Мирная Черногория  позади, вертолет пересекает границу  охваченной   гражданской   войной   Босны   и   Герцеговины. Поначалу близь югославской  границы  пейзаж не меняется: заснеженные вершины и множество уютных одиночных ферм под красными черепичными крышами на склонах и в долинах. Но уже за Гатско мирный пейзаж обезображен войной - все чаще под винтом  плывут фундаменты снесенных артиллерией домов, остовы прозрачных после пожаров зданий.
Соколац. Главный госпиталь войны. Раненые в окнах и на прогулке, сестры, осторожно толкающие впереди коляски с инвалидами... Сюда адресован наш груз, который быстро, без проволочек перегружают на уже ждущую машину. Отсек заполняется громкоголосыми весело матерящимися мужчинами в униформе: оправившиеся от ранений отправляются на фронт.
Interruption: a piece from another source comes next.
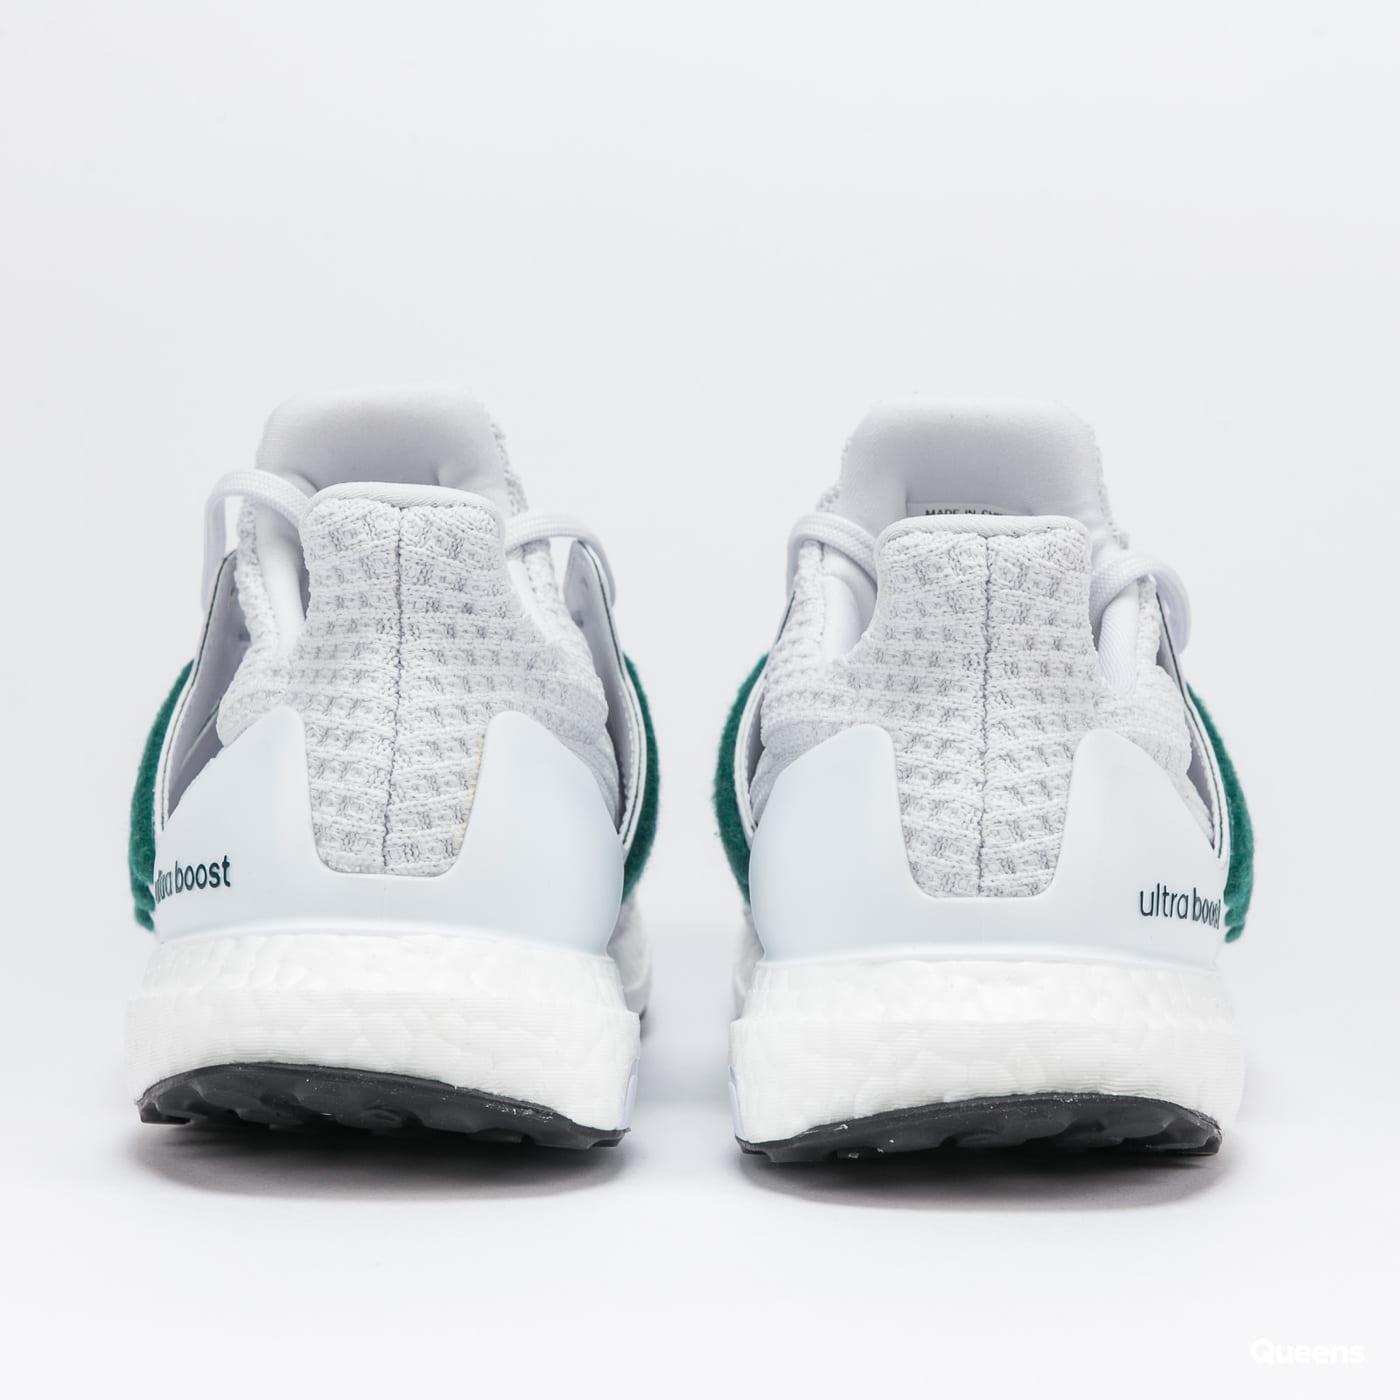 adidas Performance UltraBoost 4.0 DNA ftwwht / cgreen / cblack

Пале - столица   сражающейся   Сербской   республики Босны и Герцеговины. Отсюда 25 км до другой столицы - Сараево, где мусульманские лидеры провозгласили некую «единую суверенную демократическую республику Босны и Герцеговины», огульно записав в эту свою республику полуторамиллионное сербское население. Когда православные сербы отказались записываться в мусульманскую респуб-лику, их объявили агрессорами и начали истреблять. Уникальный словесный пируэт: сражающихся буквально у порогов своих домов людей объявлять агрессорами! Господин Геббельс - мальчишка по сравнению с асами хорвато-босанской пропаганды. По разным источникам за неполный год войны погибло от 40 до 100 тыс. сербов - мирных жителей. Сколько томится в тюрьмах и концлагерях, никто не знает. Но все это можно прочитать в любой честной газете. Другое дело, например, повстречать в прифронтовом Пале женщину по имени Весна. Вертолет приземлился, когда стемнело, и дежурный офицер отвез нас с Миро ночевать на пересыльный пункт. Пересылка представляла собой окру-женный лужами барак на окраине, где валялись на полу матрацы, маты и множество одеял. В углу раскалилась докрасна огромная бочка, переделанная под печку, на голом дощатом столе коптило «кандило» - достопримечательность этой войны. Такой же достопримечательностью в Великую Отечественную была коптилка с фитилем-тряпкой, вставленной в сплющенную по краям, наполненную соляркой гильзу. Здесь система другая: в стакане, заполненном ружейным маслом, плавает пробка, которую на Руси зовут «бескозыркой» - ею запечатывают бутылки с водкой. Через отверстие в середине протиснута упомянутая тряпка-фитиль. Коптит, светит не ахти, но светит. Барак полон солдат, мужчин и женщин. Мигом разнеслась весть: пришел «рус». Вокруг меня сгрудился народ, появилась бутыль с ракией и пошла по кругу, посыпались вопросы. И дело не в том, что я устал и был голоден, как собака, а в том, что я уже тысячу раз до этого повторил все ответы па все вопросы: «Из какого города?», «Где этот город?», «Женат ли?», «Где работает жена?», «Сколько лет детям?», «Почему Ельцин предает сербов?» и т. п. Как встреча, так одни и те же вопросы, а встречи па каждом шагу. Но я понимал, что многие из встреченных, возможно, первый раз видят «руса», и каким они меня запомнят, и как об этой встрече расскажут друзьям и близким, таким и будет их первое восприятие моей далекой Родины. Подавляя раздражение, я отвечал па вопросы весело и прямо.
Она сидела в углу и, не мигая, смотрела в огонь. Казалось, не слушает, но вдруг резко повернулась и выстрелила вопрос:
- Сколько   вас   пришло?
- Я  шел один, - ответил я  и, почувствовав неловкость, добавил, но  еще  идут,  я  слышал.
И потом, когда барак-улей стал понемногу успокаиваться и засыпать, она рассказала мне, что муж полгода как убит, отец в хорватской тюрьме, а две дочки и мать в мусульманском плену. Живы ли сейчас все четверо, она не знает. Она сражается в пехоте на 1-й линии. Три дня назад на положае она стреляла из «Золи» по «Леопарду», но промах-нулась. Сейчас, рассказывая об этом, она заплакала от досады. Впервые после гибели мужа.
Утром на «Ладе» мы ехали к фронту. На окраинах Сараева пулеметные гнезда, минометы в укрытиях и землянки, землянки, землянки…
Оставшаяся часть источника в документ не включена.